Your parents never gave you the time of day, they made you feel small. They never gave you affirmation or love. They had the nerve to call their own child mentally ill. They belittled you until their last breath. They never made effort for amends. They left the world leaving with no mention of you. You long to be adored, to what was always on their own accord. I feel you.
You went to shave your husband in his vegetative state, hoping his eyes just might open. It had been a year since the tragic accident. You had a hard decision to pull the plug. His body gaunt, and not a hint of life. One of the neatest men this life has met. You his wife would go home alone, married to just a silhouette. The time had come to kiss him goodbye. Your body bled you of the tears you cried. I feel you.
You got fired from your job today, and your wife can’t work. Your rent is due tomorrow, and you have no means to pay it. The government assists you, but you still can’t keep afloat. You are running out of life boats. I feel you.

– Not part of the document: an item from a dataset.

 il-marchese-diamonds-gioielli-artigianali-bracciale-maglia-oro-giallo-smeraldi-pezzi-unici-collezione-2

Your dad and mom are alcoholics, and you were lost in translation. You never finshed school, and don’t even know how to drive. Your dad and mom divorced, which for you cried and cried. You don’t know what it means to be man. Your life has not set forth a plan. You were never taught a work ethic. You were forced to grow up much before your time. You don’t want to get too close to anyone at the fear of loss. You show few your pain as you see no purpose. Suck it up, and push through you were always told. No hand to hold. I feel you.
You were asked to drink of a bitter cup, and nailed to a cross. A crown of thornes embedded in your head. People mocked your words, and spat on you. You had nail pierced hands, and feet. No food or drink, lashings until you were beat and your dripped blood slowly stained your body. You bore the sins of world, and died so that those who believe could have life. You hung until your last words “it is finished”. You died upon the cross. I feel you. You gave me breath of life, and then new life. You are my creator. I marvel at your sight. For there is no greater of than the love you give to me. I feel you.

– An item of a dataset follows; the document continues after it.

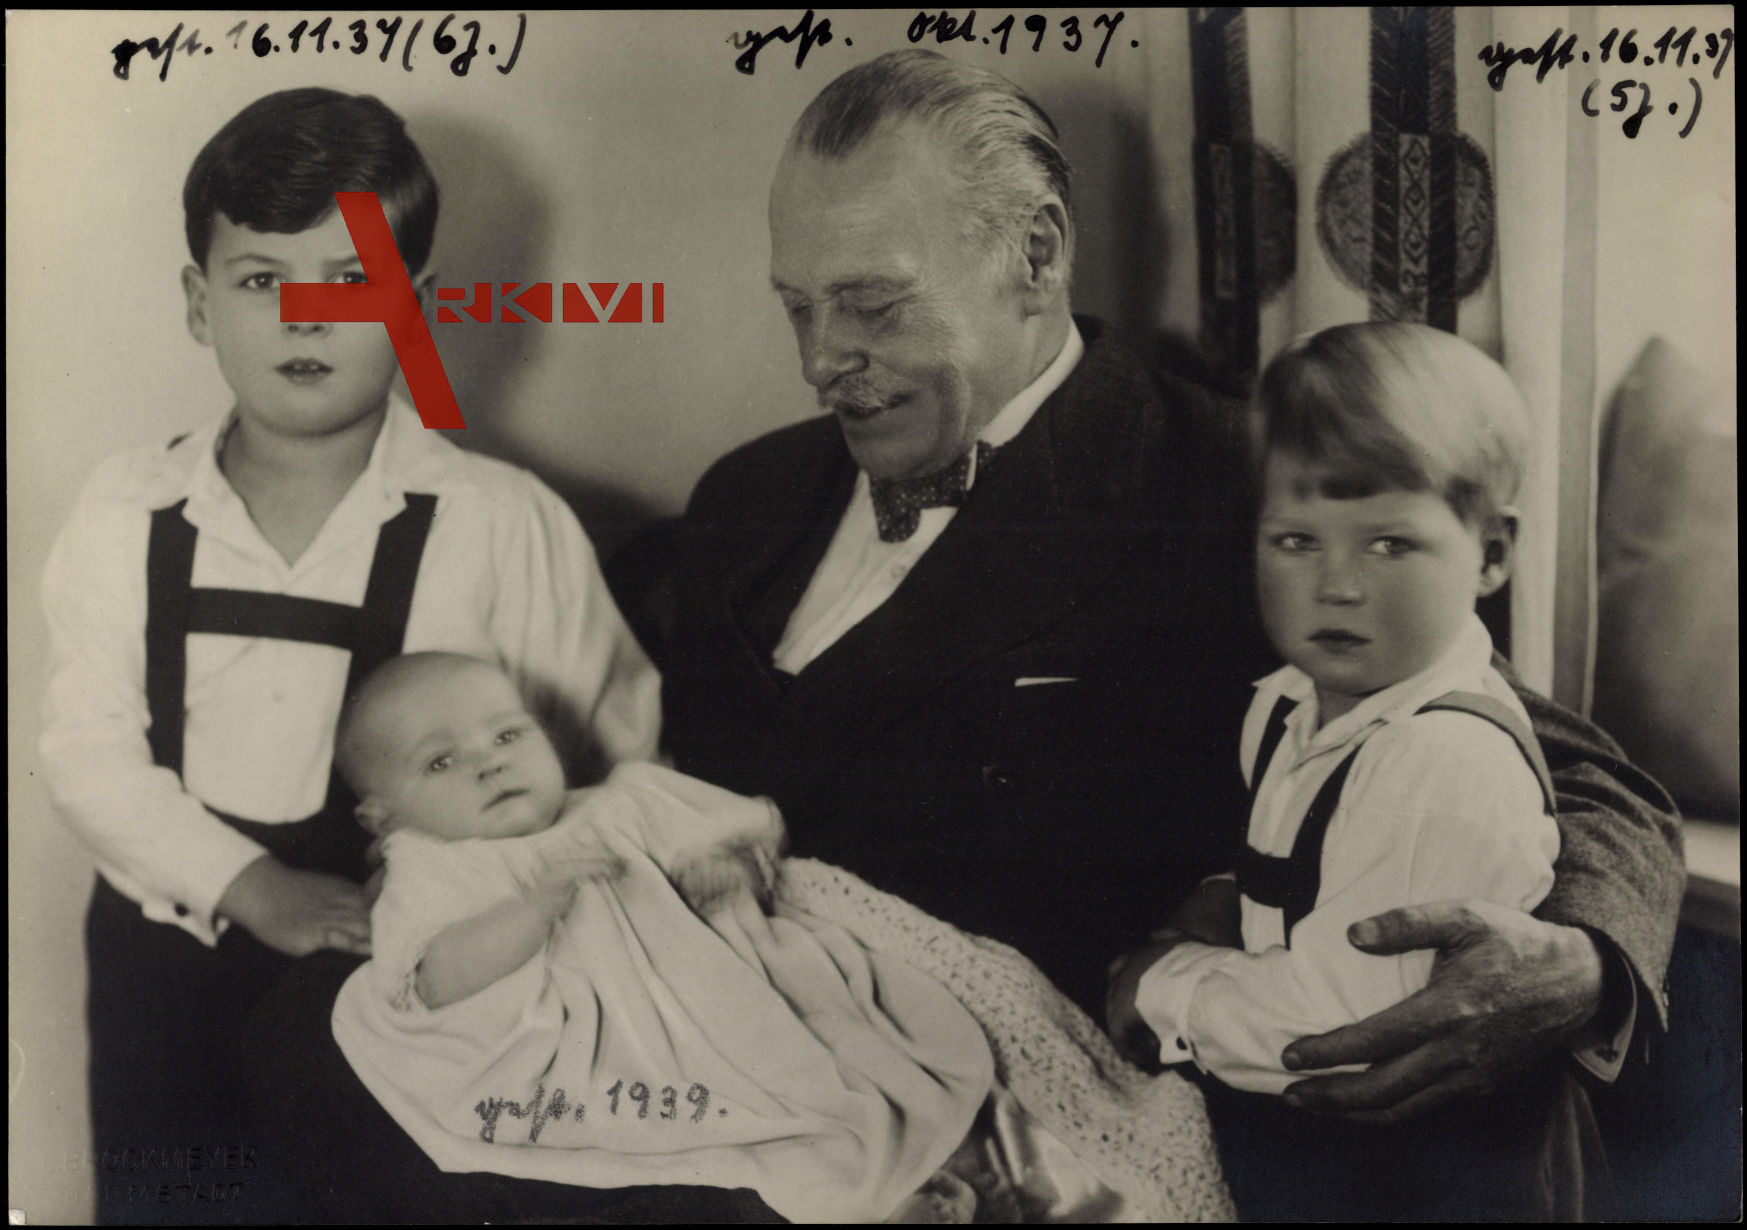 Großherzog Ernst Ludwig von Hessen mit Enkelkindern, Prinzen

I am wound tight as a clock, and share their tear stained pillows. It is okay, I am getting to understand the empathitist that is me. The empathy that embodies me. I wear each of their shoes for a time to know their pain. Some I have lived first hand. Compassion and grace meet with me daily to converse. I cry for each and every one of them. Pray for each of them. I have wished for its stop, but then I would lack for some of my greatest virtues of all…So the tears they can not stop. There are more to come, so it is time to replace my pillow. I feel you.